Keywords: calorie restriction, longevity, metabolic adaptation, quality of life, physical activity

Why Caloric Restriction?

Calorie restriction (CR), a dietary intervention that is low in calories but maintains proper nutrition, is the only intervention known to date that consistently decreases the biological rate of aging and increases both average and maximal lifespan. Since the first report of prolonged lifespan in rodents more than 70 years ago [1] similar observations have been reported across a wide range of species including yeast, worms, spiders, flies, fish, mice and rats [2]. While the effects of CR in longer lived species remains unknown, results reported thus far from 3 nonhuman primate colonies suggest that CR might have a similar effect in longer-lived species. While lifespan data remains inconclusive [3], CR monkeys display a substantially reduced age-related morbidity [4, 5]. In humans, data from controlled trials is lacking and of course no long-term prospective trials of CR have been conducted with survival being the primary end-point [6]. There is however, a lot that can be learned from a handful of epidemiological and cross-sectional observations in longer-lived humans, centenarians and individuals who self-impose CR.

Centenarians from Okinawa

Probably the most intriguing epidemiological evidence supporting the role of CR in lifespan extension in humans comes from the Okinawans [7]. Compared to most industrialized countries, Okinawa, Japan has 4–5 times the average number of centenarians with an estimated 50 in every 100,000 people [8]. Reports from the Japanese Ministry of Health, Labor and Welfare show that both the average (50th percentile) and maximum (99th percentile) lifespan are increased in Okinawans. From age 65, the expected lifespan in Okinawa is 24.1y for women and 18.5y for men compared to 19.3y for women and 16.2y for men in the USA [9]. What is interesting about this population is that a low caloric intake was reported in school children on the island more than 40 years ago and later studies confirmed a 20% CR in adults residing on Okinawa compared to mainland Japan [10]. Importantly, reports indicate that the diets which were typically rich in green leafy vegetables, soy and some fish were similar with CR interventions providing adequate amounts of nutrients, essential vitamins and minerals [9].

The Vallejo study

To our knowledge there is only one study that was designed to test the effects of CR without malnutrition in non-obese humans [11]. This was a study of alternate day feeding in 120 men whereby the 60 participants in the CR group received an average of 1500 kcal per day for 3 years whereas the 60 others were ad libitum. This amounted to approximately 35% CR compared to the control group. While the initial report was brief, post-hoc analyses conducted several years later [12] indicated that death rate tended to be lowered in the CR group and hospital admissions were reduced in these individuals by approximately 50% (123 days for CR vs. 219 days for Control).

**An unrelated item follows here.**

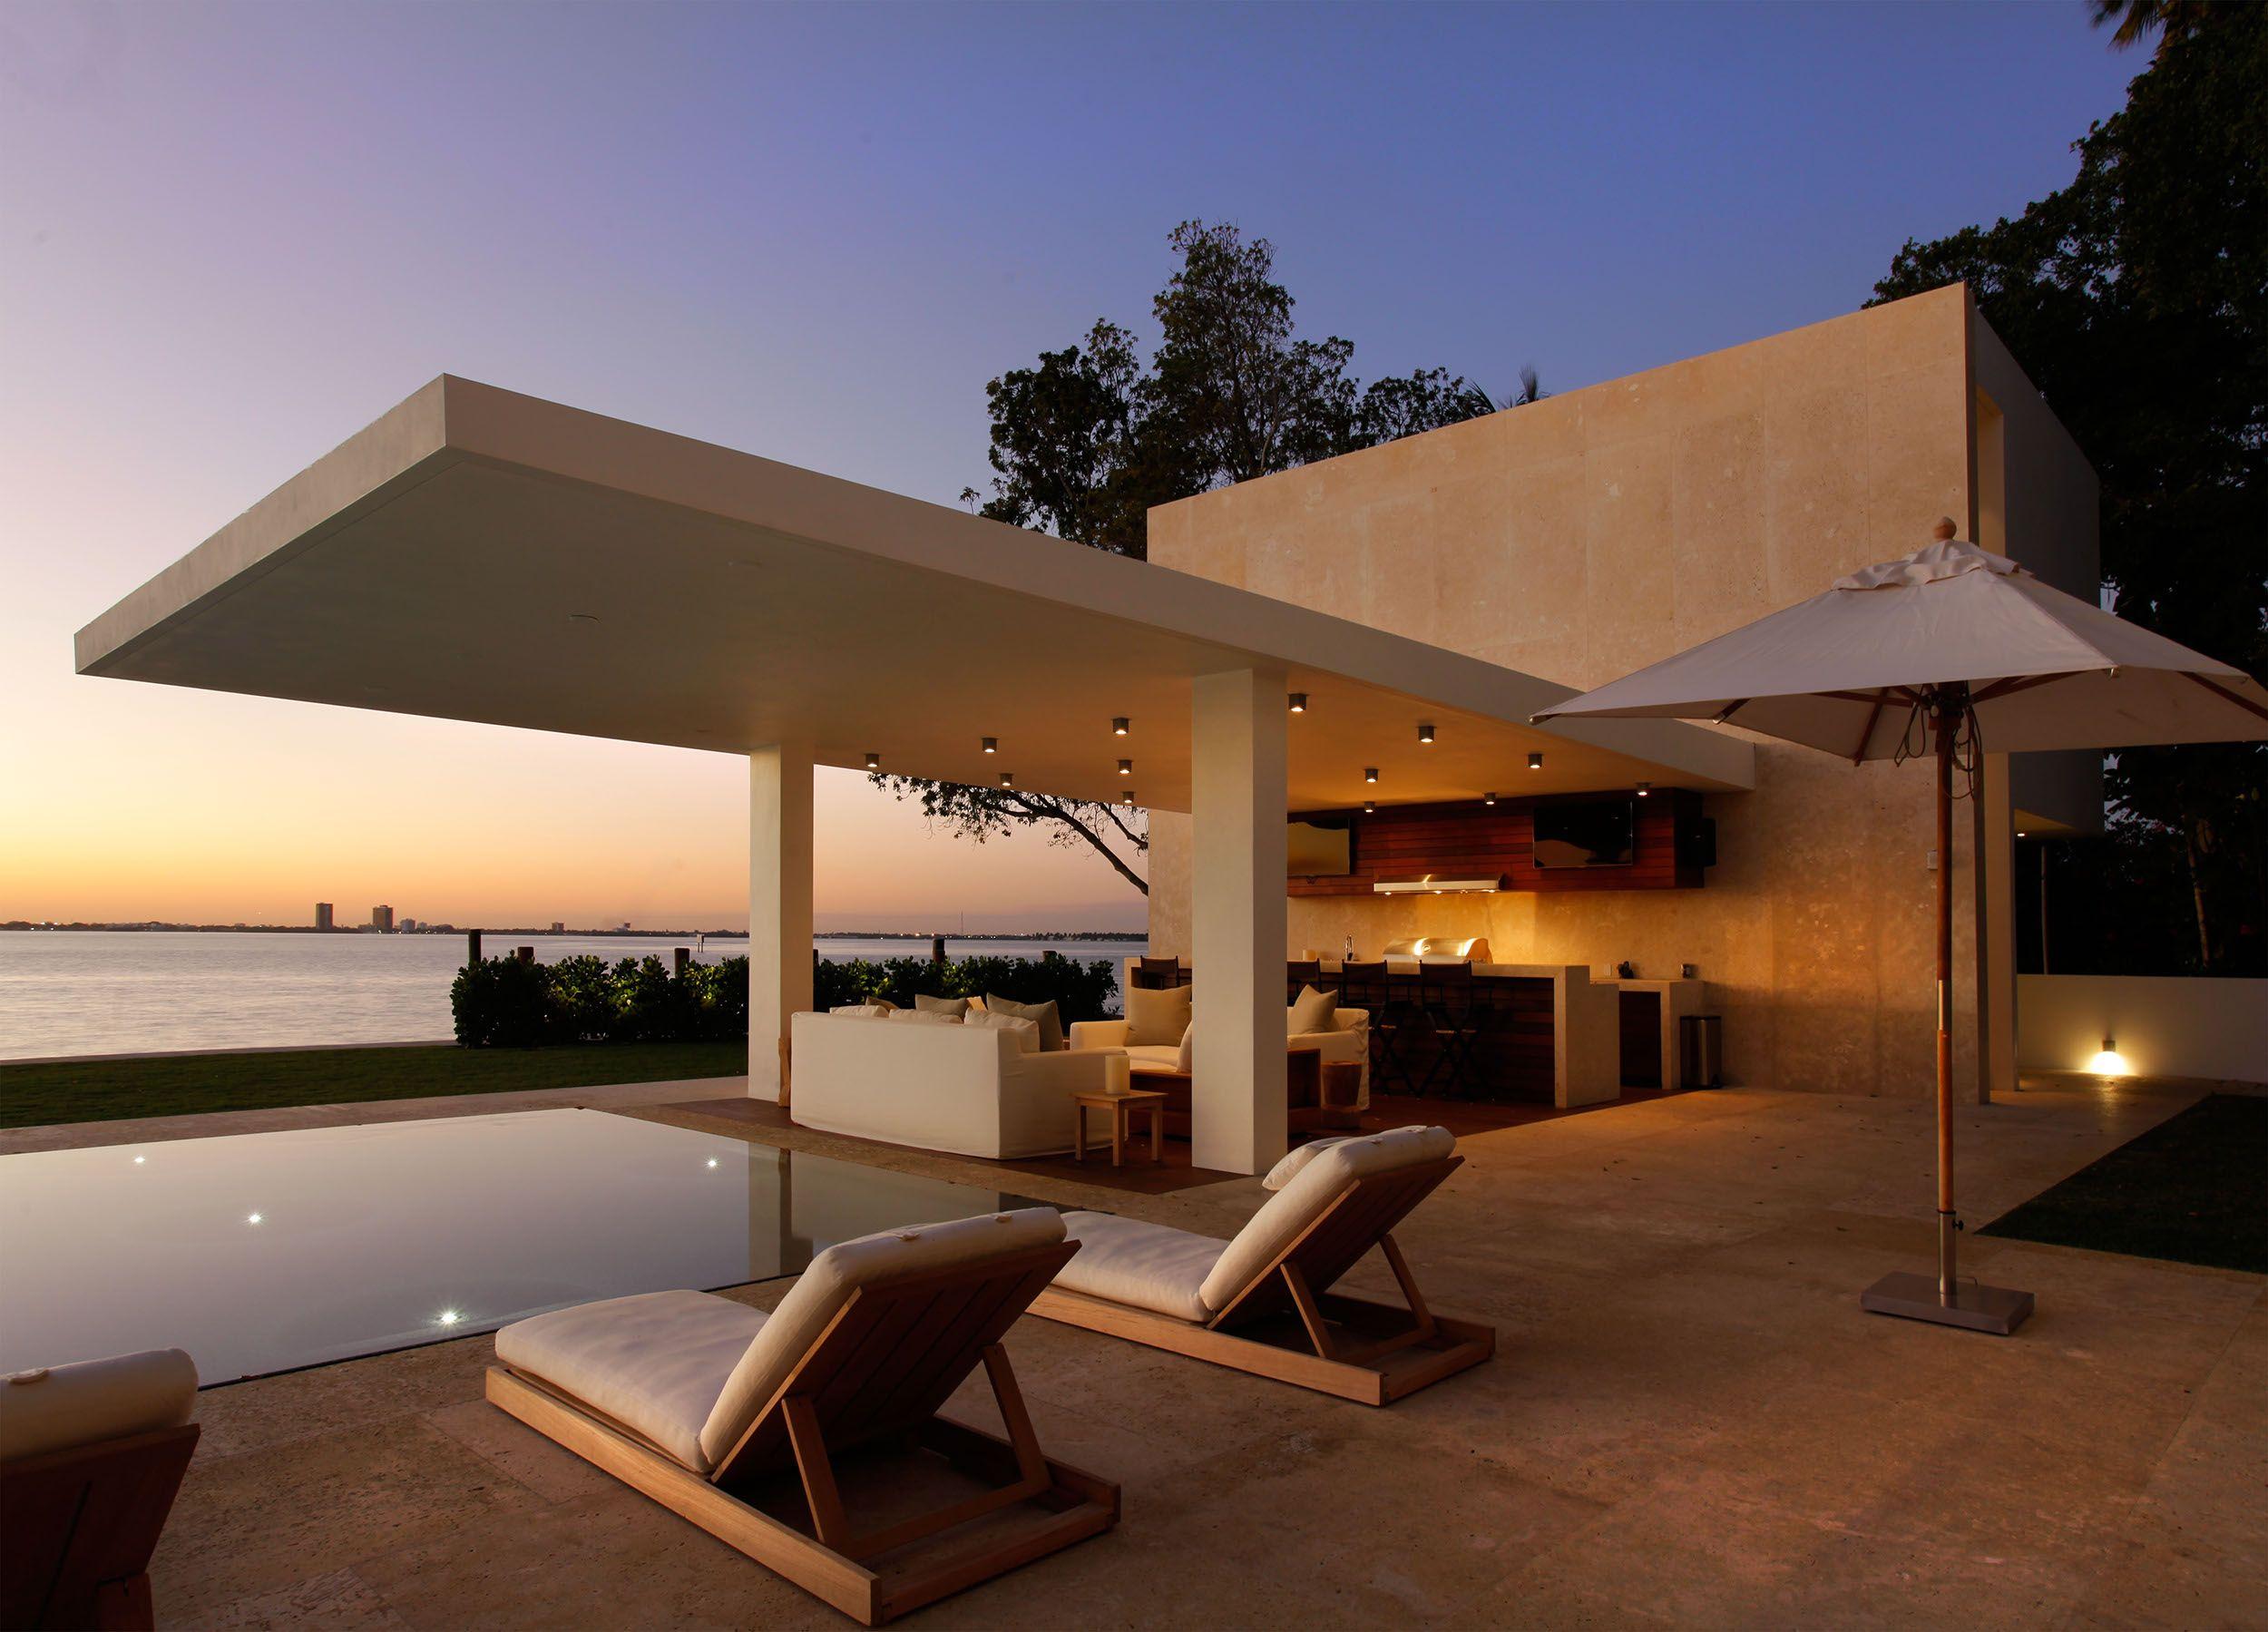 North Miami Beach Residence Opustone Natural Stone Interior Design Pool Patio Miami With Images Modern Outdoor Kitchen Outdoor Kitchen Design Residences

Randomized controlled trials of calorie restriction in non-obese humans

As for randomized controlled trials, results from a 2 year study of CR in humans is only a few years away. The National Institute on Aging (NIA) is sponsoring a trial; CALERIE (Comprehensive Assessment of the Long-term Effect of Reducing Intake of Energy) which is for the first time, scientifically testing the effects of 25% CR in ~150 non-obese healthy men and women aged 25–45y. Three clinical sites are involved in the trial; Washington University in St. Louis, MO, Tufts University in Boston, MA and the Pennington Biomedical Research Center in Baton Rouge, LA. The protocol and endpoints for this multi-center trial were developed from 3 independent Phase 1 trials conducted at each clinical site [6, 13, 14].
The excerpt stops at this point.